You can use knowledge of the mutex internals to do this. Ordinarily this wouldn’t be a very good idea, but it’s fine for debugging.
Under Linux with the NPTL implementation of pthreads (which is any modern glibc), you can examine the __data.__owner member of the pthread_mutex_t structure to find out the thread that currently has it locked.
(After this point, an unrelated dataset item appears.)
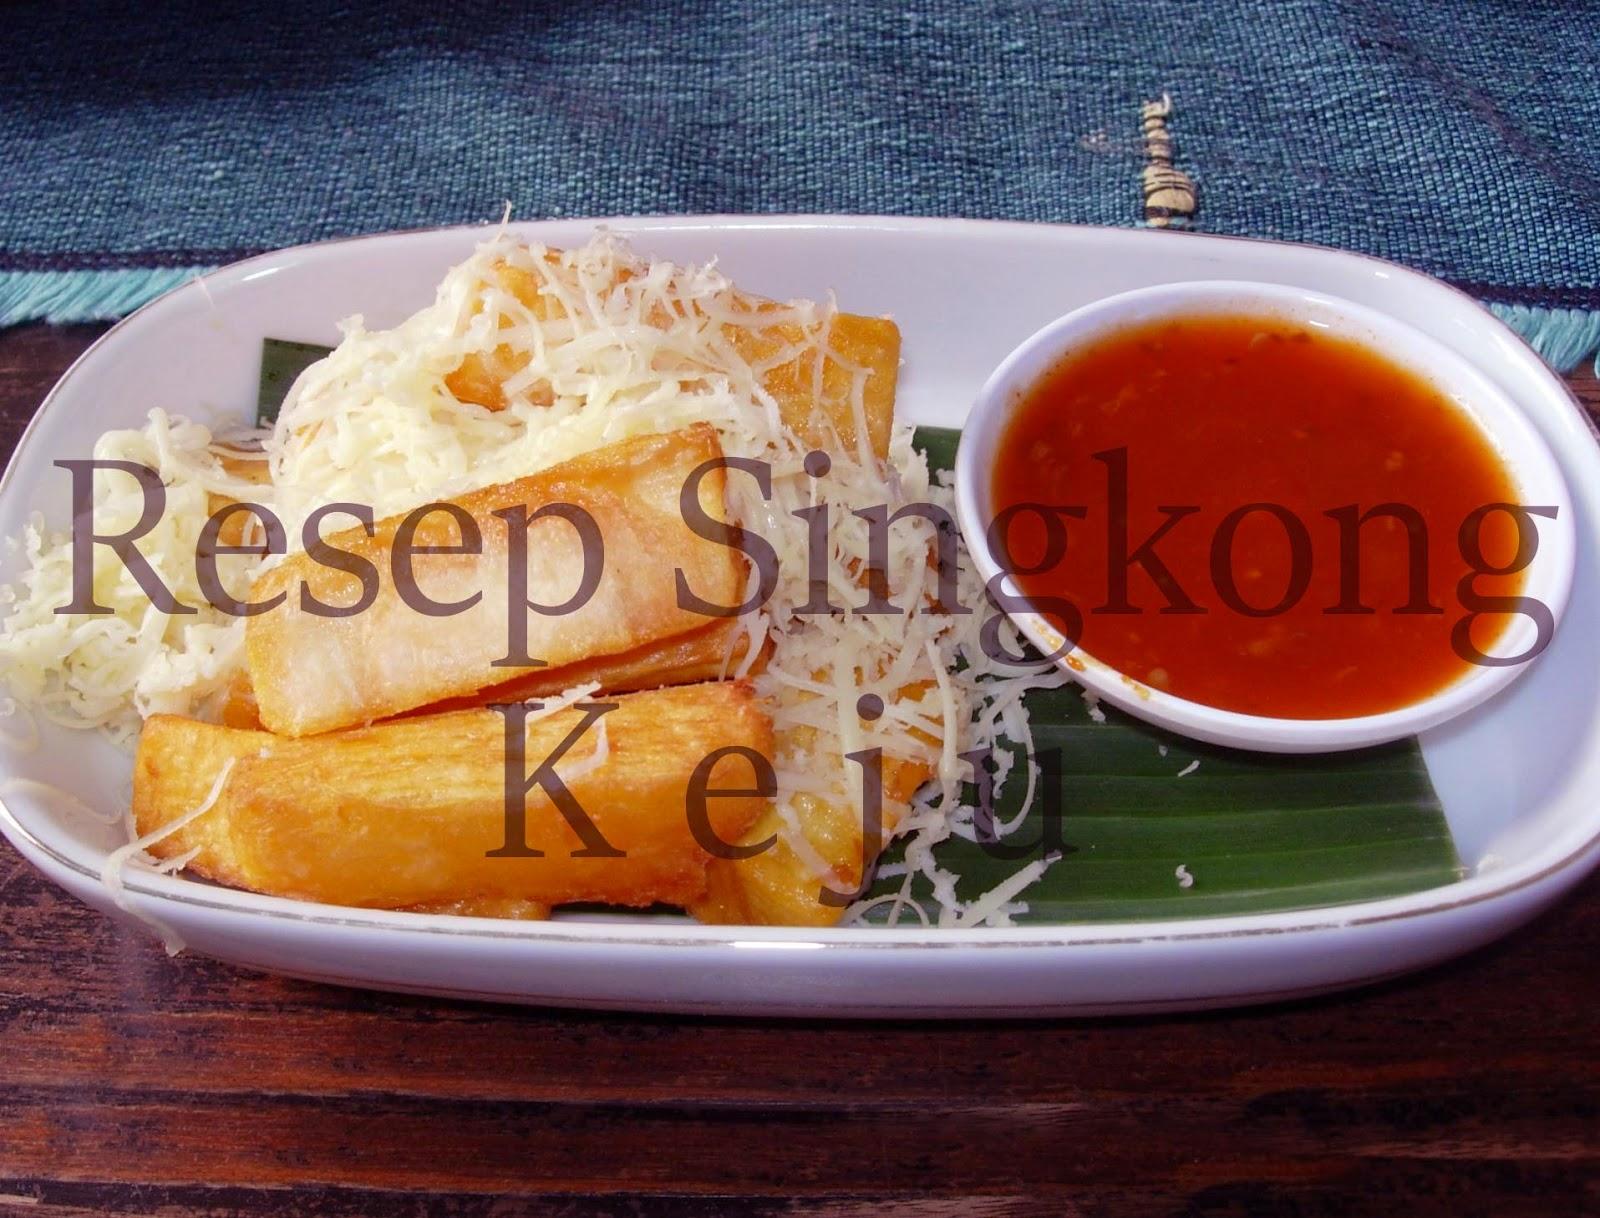 Resep Singkong Keju Goreng, Resep Kue dari Singkong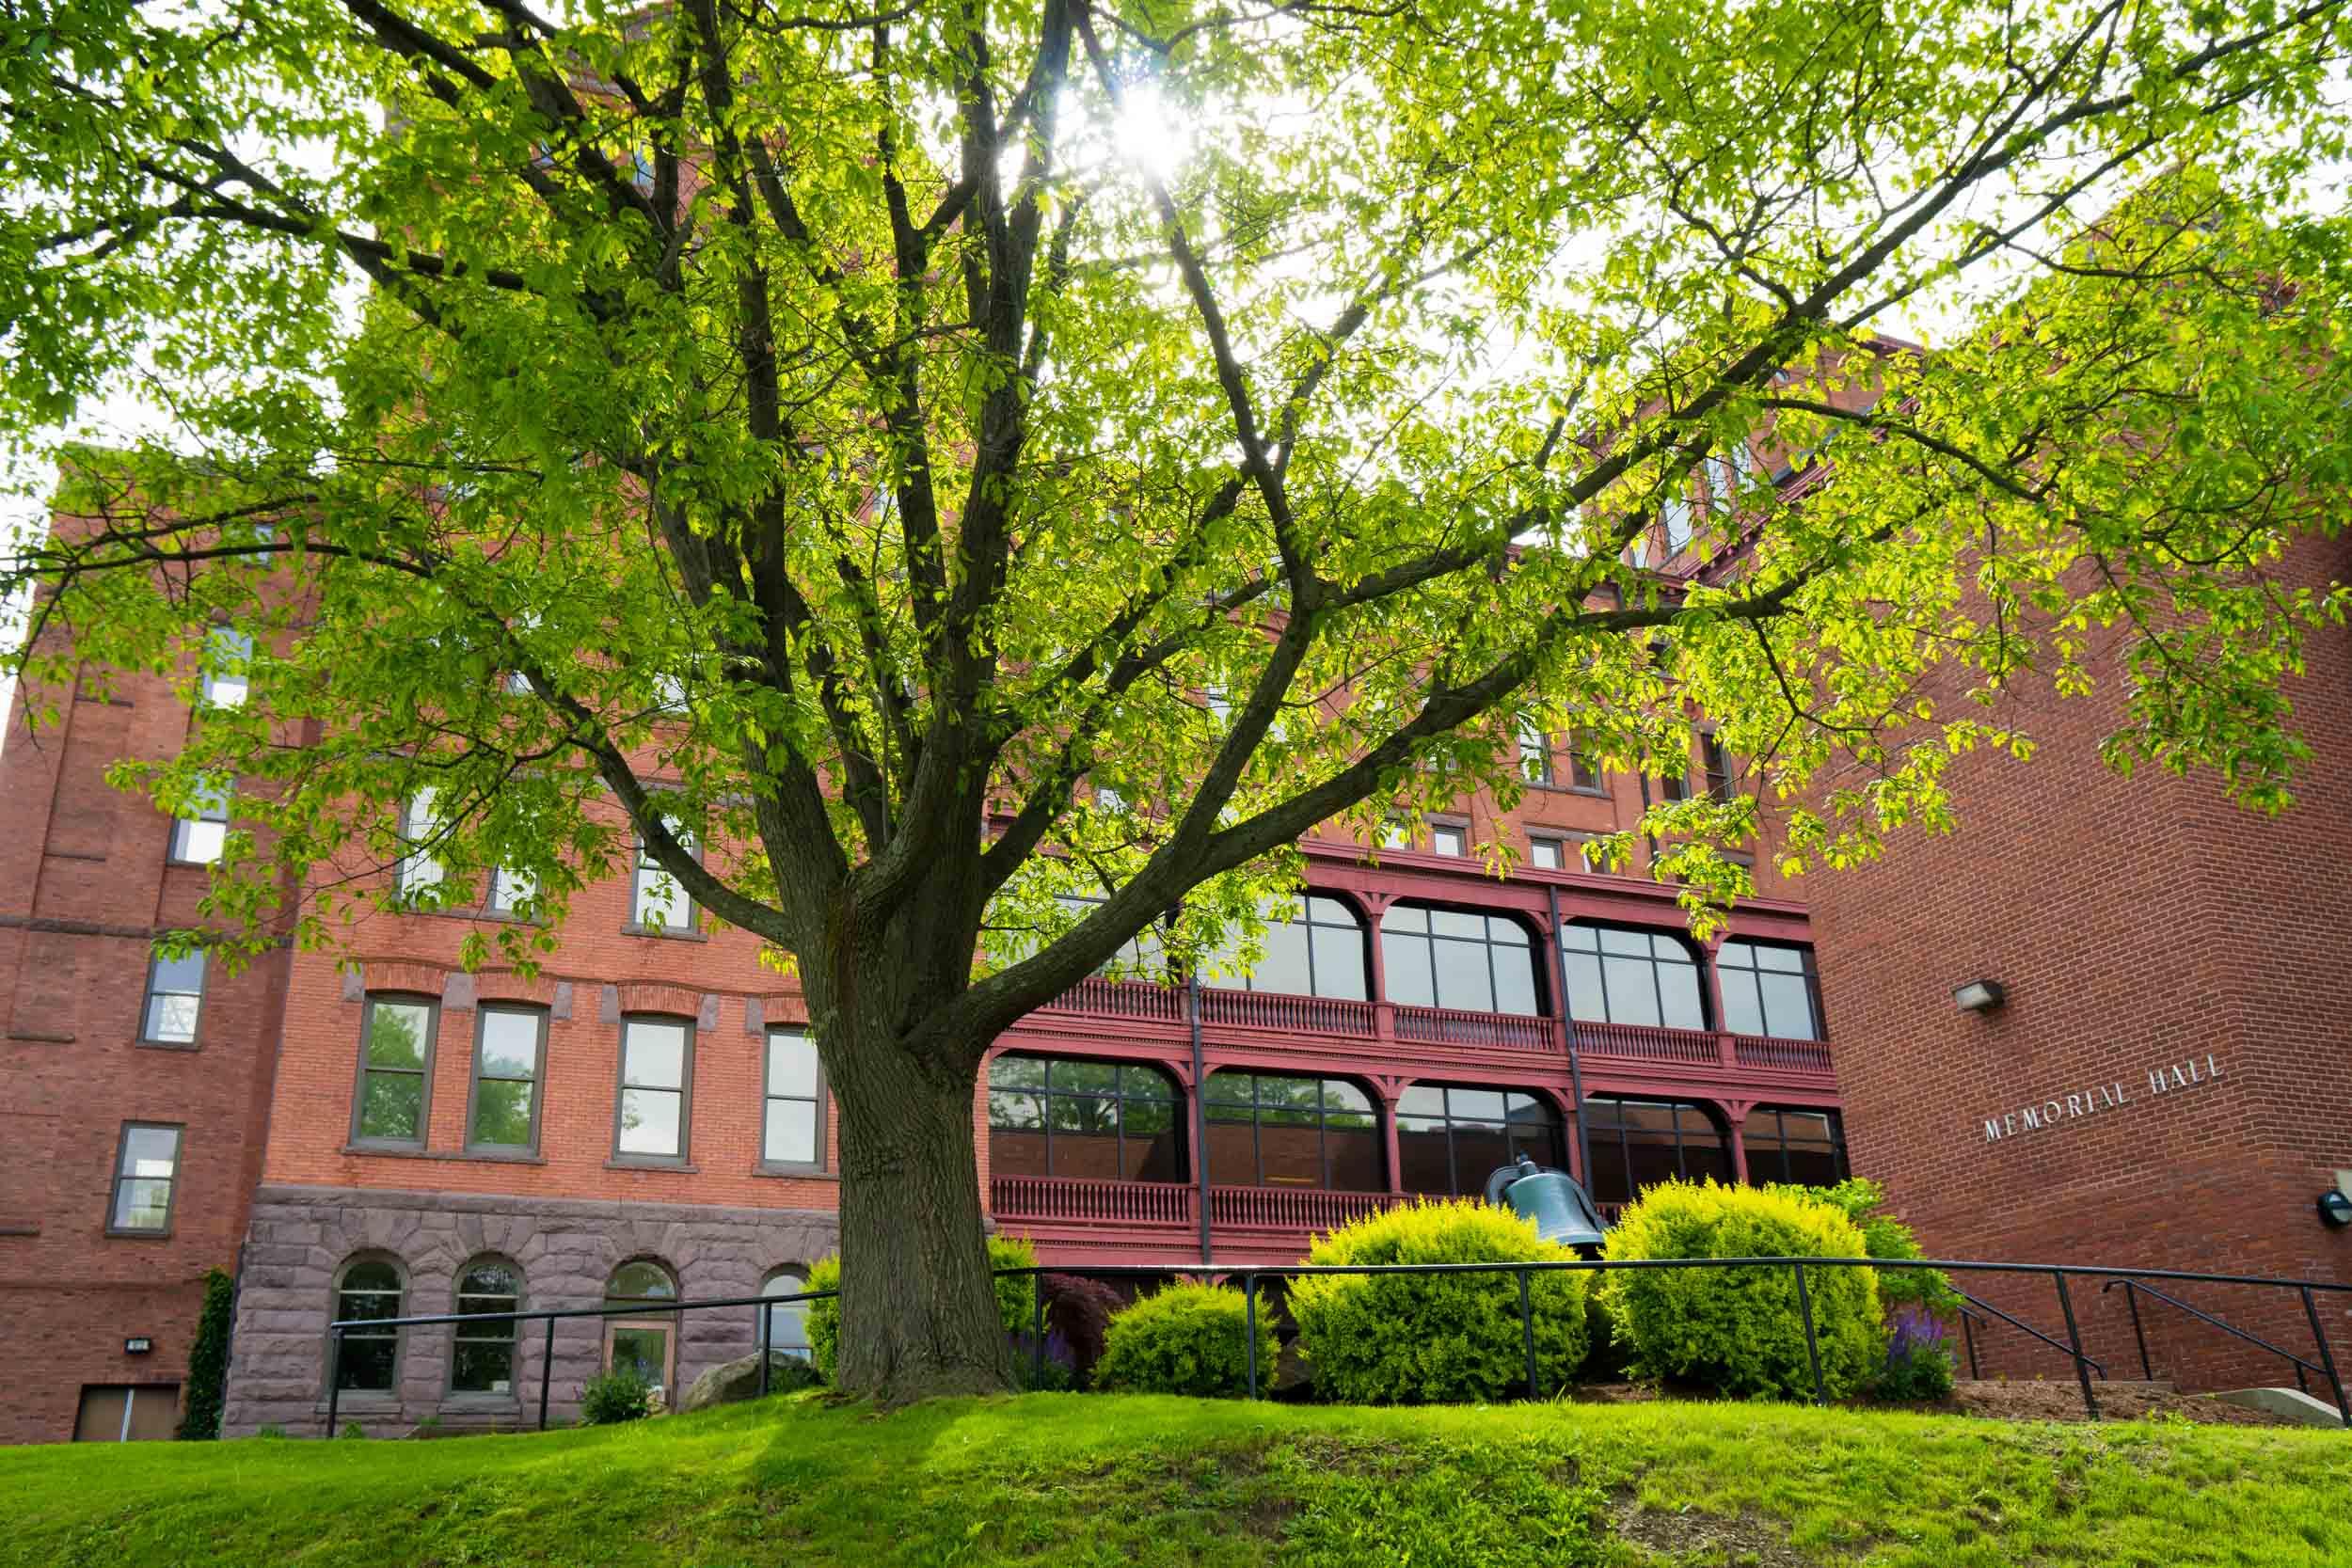 Mansfield University - Mansfield, PA

This is how to do it after attaching to the process with gdb:
(gdb) thread 2
[Switching to thread 2 (Thread 0xb6d94b90 (LWP 22026))]#0 0xb771f424 in __kernel_vsyscall ()
(gdb) bt
#0 0xb771f424 in __kernel_vsyscall ()
#1 0xb76fec99 in __lll_lock_wait () from /lib/i686/cmov/libpthread.so.0
#2 0xb76fa0c4 in _L_lock_89 () from /lib/i686/cmov/libpthread.so.0
#3 0xb76f99f2 in pthread_mutex_lock () from /lib/i686/cmov/libpthread.so.0
#4 0x080484a6 in thread (x=0x0) at mutex_owner.c:8
#5 0xb76f84c0 in start_thread () from /lib/i686/cmov/libpthread.so.0
#6 0xb767784e in clone () from /lib/i686/cmov/libc.so.6
(gdb) up 4
#4 0x080484a6 in thread (x=0x0) at mutex_owner.c:8
8 pthread_mutex_lock(&mutex);
(gdb) print mutex.__data.__owner
$1 = 22025
(gdb)
(I switch to the hung thread; do a backtrace to find the pthread_mutex_lock() it’s stuck on; change stack frames to find out the name of the mutex that it’s trying to lock; then print the owner of that mutex). This tells me that the thread with LWP ID 22025 is the culprit.
You can then use thread find 22025 to find out the gdb thread number for that thread and switch to it.